Recorded data

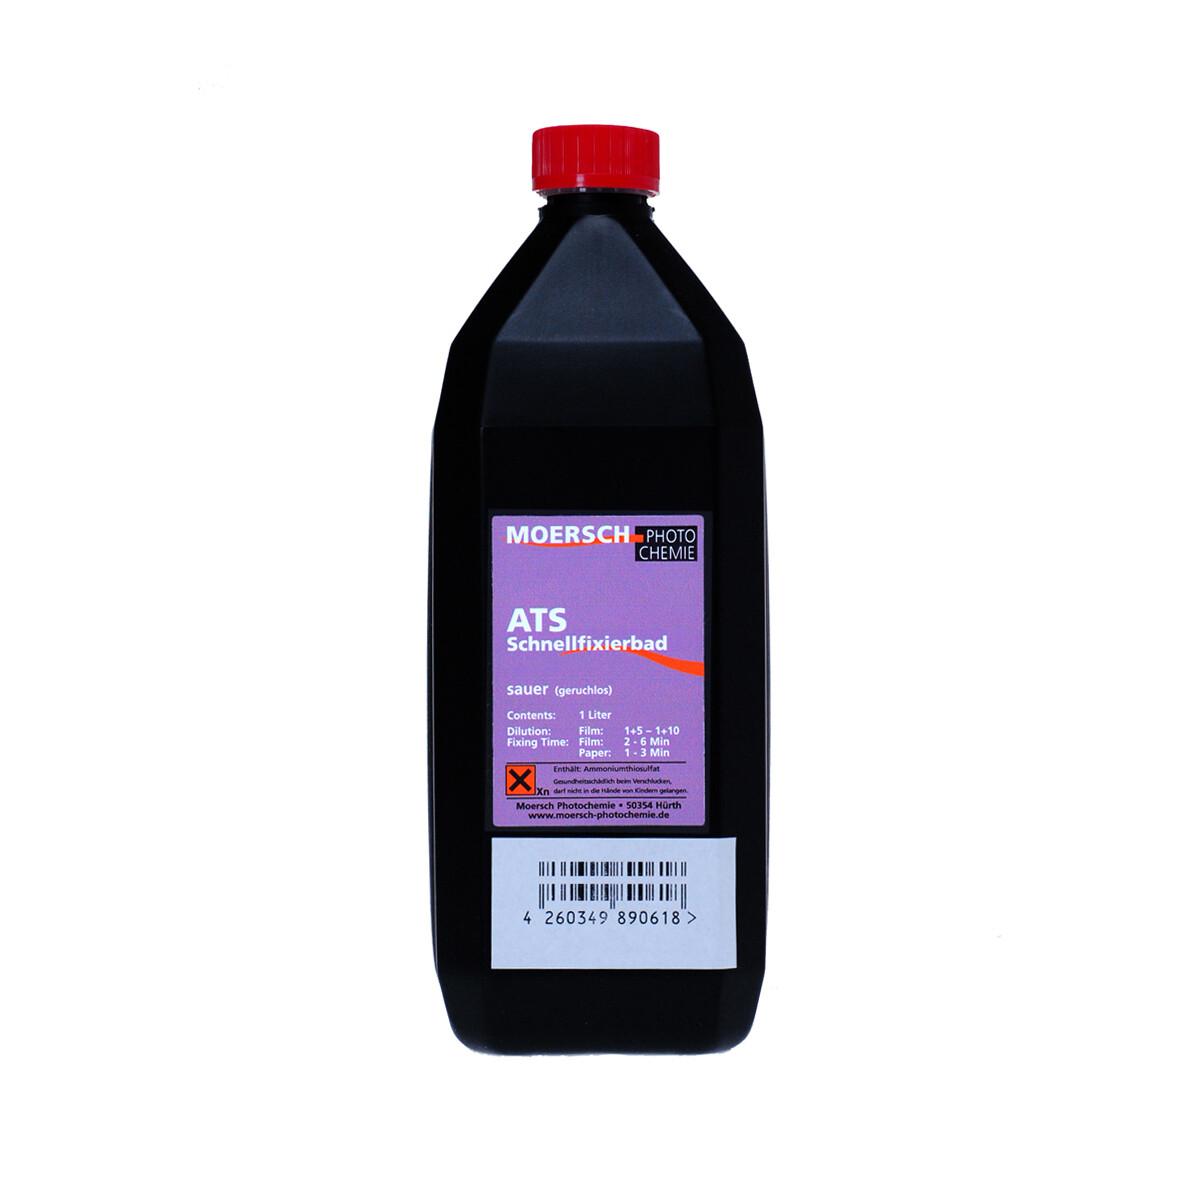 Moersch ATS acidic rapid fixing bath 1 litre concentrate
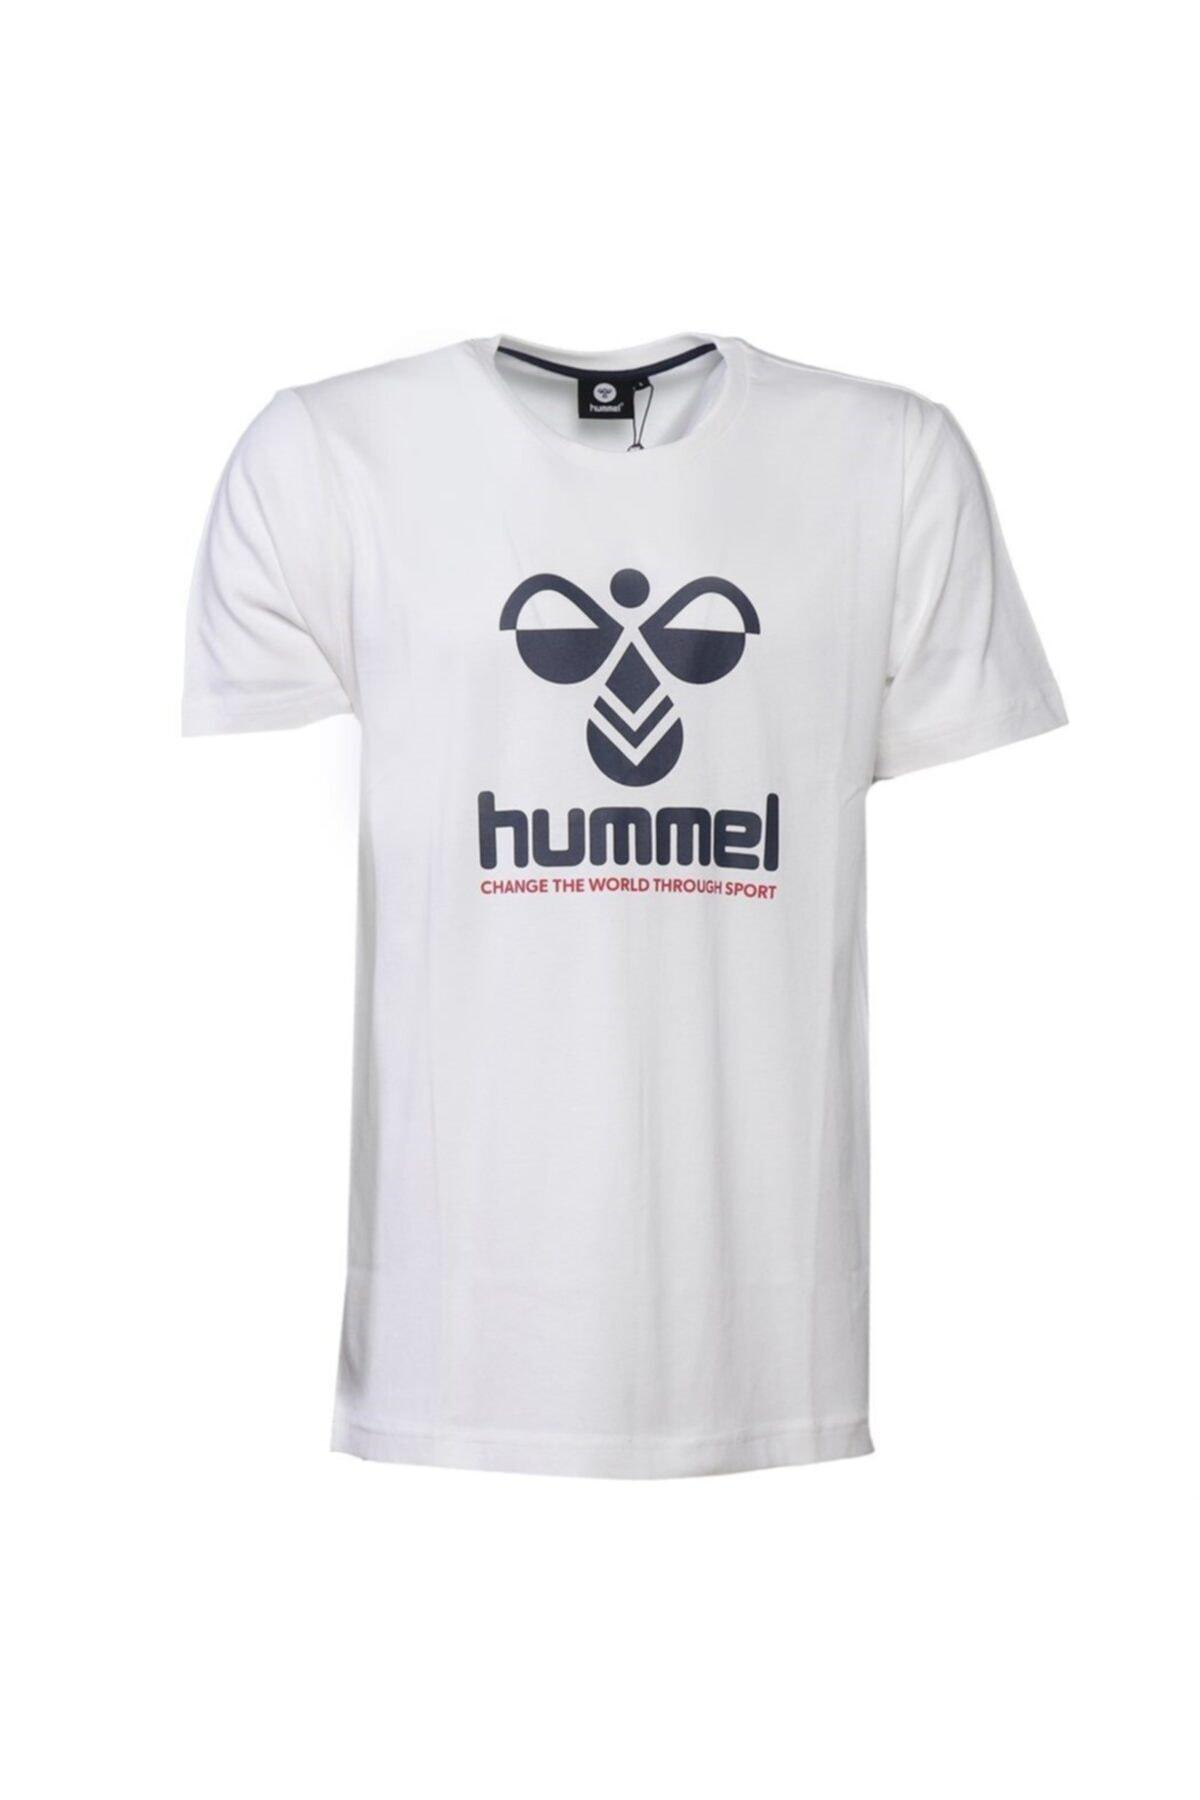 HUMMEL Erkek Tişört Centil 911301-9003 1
---
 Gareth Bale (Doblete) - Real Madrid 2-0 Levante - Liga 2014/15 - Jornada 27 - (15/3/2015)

Assigned task
Retype, exactly and with no pictures, everything above from the line with "Moersch ATS acidic" down to the line with "HUMMEL Erkek Tişört Centil 911301-9003 1", both included.

Your solution
 Moersch ATS acidic rapid fixing bath 1 litre concentrate
 HUMMEL Erkek Tişört Centil 911301-9003 1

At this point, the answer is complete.